Villablino inaugura el parque de Cabo Verde con la presencia de su embajador, Eduardo Silva
La presencia del embajador de Cabo Verde, Eduardo Jorge Silva, dio una mayor relevancia institucional casi inesperada al acto de inauguración de un espacio público lúdico en Villablino con el nombre de Cabo Verde, como homenaje, recuerdo y agradecimiento del municipio a la gran comunidad emigrante de ese país que llegó, trabajó, residió y reside en la comarca de Laciana.
No solo el embajador se desplazó desde Madrid para este acto. También lo hizo Silvia Álvarez, hija del cónsul honorario de Cabo Verde en la Comunidad Valenciana, Alfonso S. Álvarez; quien lo hizo para suplir la ausencia por motivos de salud de su progenitor,con un mensaje escrito de este para los asistentes.
El alcalde, Mario Rivas y la casi totalidad de la corporación municipal, representantes de la Guardia Civil y la Policía Local completaron la representación institucional.
Más de medio centenar de miembros de la comunidad caboverdiana en Torrevieja llegaron hasta Villablino en esta jornada. Lo hicieron acompañados de un nutrido grupo de vecinos de la localidad y otros pueblos del municipio, que se dieron cita en el barrio de Colominas para el acto.
El embajador, la hija del cónsul y el alcalde destacaron en sus intervenciones la trascendencia de este hecho, que, “aunque sencillo”, cobra una mayor significación en “unos tiempos globales tan convulsos y difíciles como los actuales”.
Eduardo Jorge recalcó que un acto como este, “que busca encuentros de sentimientos, de cultura, de memoria, porque la vida es más que solo lo material”, permite creer que todavía es posible “crear el mundo que todos deseamos y nos permite ser cada uno de nosotros más ricos, en una tierra mejor para nosotros y también para nuestros hijos”.
El momento más emotivo de la mañana lo provocó Alcides Almeida, presidente de la Asociación Cultural Caboverdiana de Torrevieja, que abrió su intervención citando que había llegado a Laciana “hace cincuenta años, once meses y tres días, con 17 años”: haciendo la cuenta inversa, su fecha de llegada fue el 20 de junio de 1975.
La edad era un inconveniente, “al no tener 18 años, para entrar a la mina, en la empresa me dijeron que necesitaba una autorización de mis padres para poder darme el trabajo”. Lo que era un drama para él “pues no tenía ni una peseta ya en el bolsillo”. Tenia que escribirle “a mi madre” (su padre ya había fallecido) para que le contestase con la autorización.
Y narró cómo en la oficina de correos de Caboalles de Abajo el cartero no le entendía lo que quería explicarle, pues “no sabía ni una palabra de español”, por lo que le dijo que se sentase y esperase a que atendiese a la mucha gente que había en la oficina.
“Dicen que no hay Dios, a mí aquel día se me apareció un ángel, un señor, Ángel Tudela, se acercó a mí, me cogió de la mano y me dijo: no te preocupes, vamos hasta Villablino y echamos esa carta”. Con él bajó a Villablino, envió la carta, “y me acogió con su mujer Carmina en su casa”, por eso tengo un hermano blanco, Aberto Tudela, al que hizo subir al escenario diciéndole “bueno al menos no soy el único que llora un poco hoy”.
Alcides es el origen y quien ha provocado todo este movimiento que se ha venido produciendo en estos meses entre la comunidad caboverdiana, el municipio de Villablino y la sociedad local lacianiega.

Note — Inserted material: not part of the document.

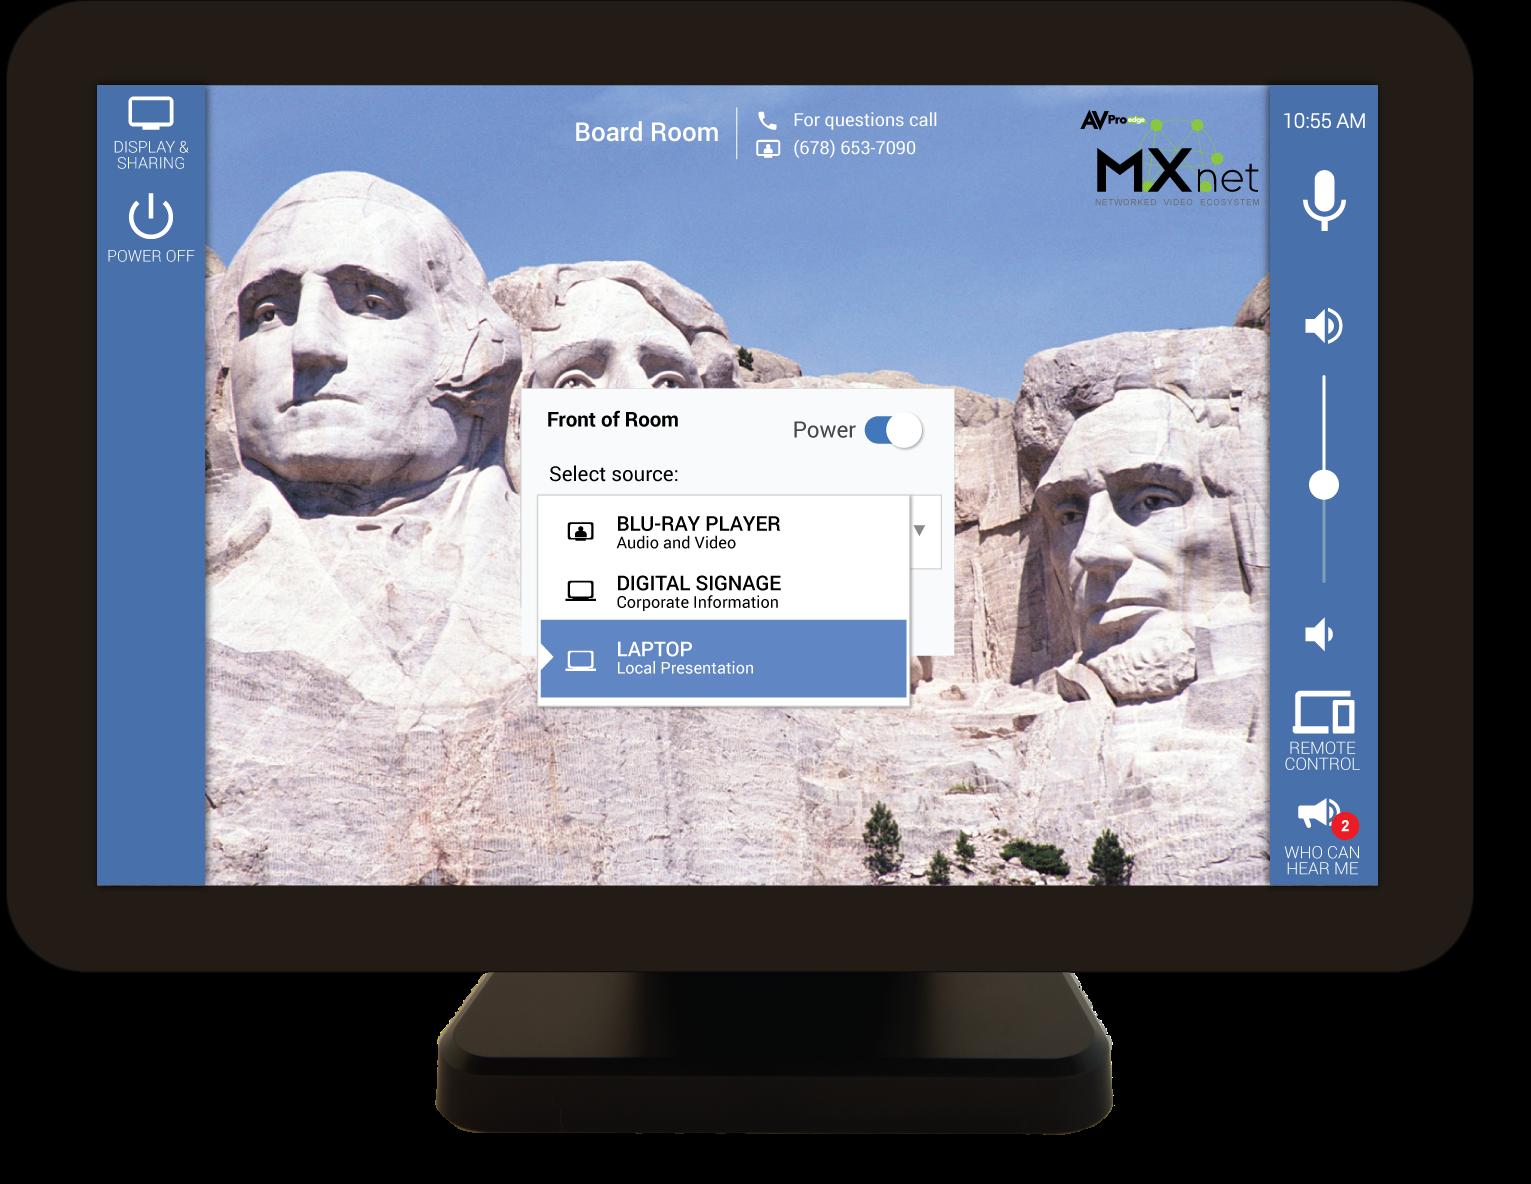 control AVPro Edge MXNet AV-over-IP systems with Mira Connect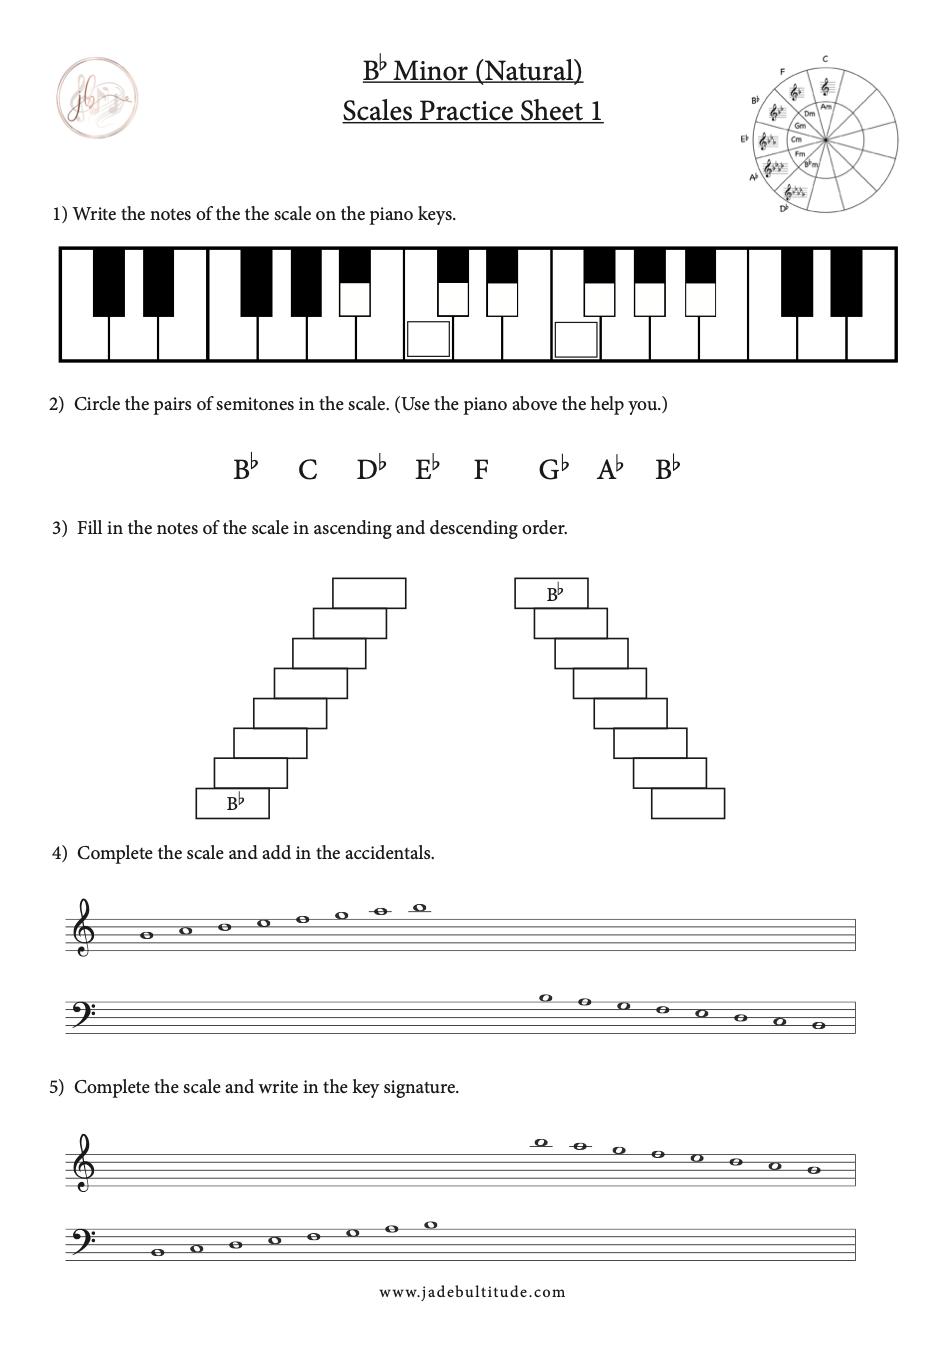 Bb Minor Natural Free Music Theory Worksheet Music Resource Music Theory Worksheets Printable Music Theory Worksheets Free Music Theory Worksheets [ 1356 x 950 Pixel ]

Él lo inició todo con un mensaje de voz enviado, que se puede escuchar en el portal de YouTube del Ayuntamiento (50 años de la llegada del segundo grupo de trabajadores caboverdianos) para recordar el medio siglo de la llegada del segundo grupo de caboverdianos.
El primer grupo, que solo lo integraban tres personas, había llegado meses antes. Uno de esos tres, Calocha (Carlos Monteiro), también estaba presente en el acto.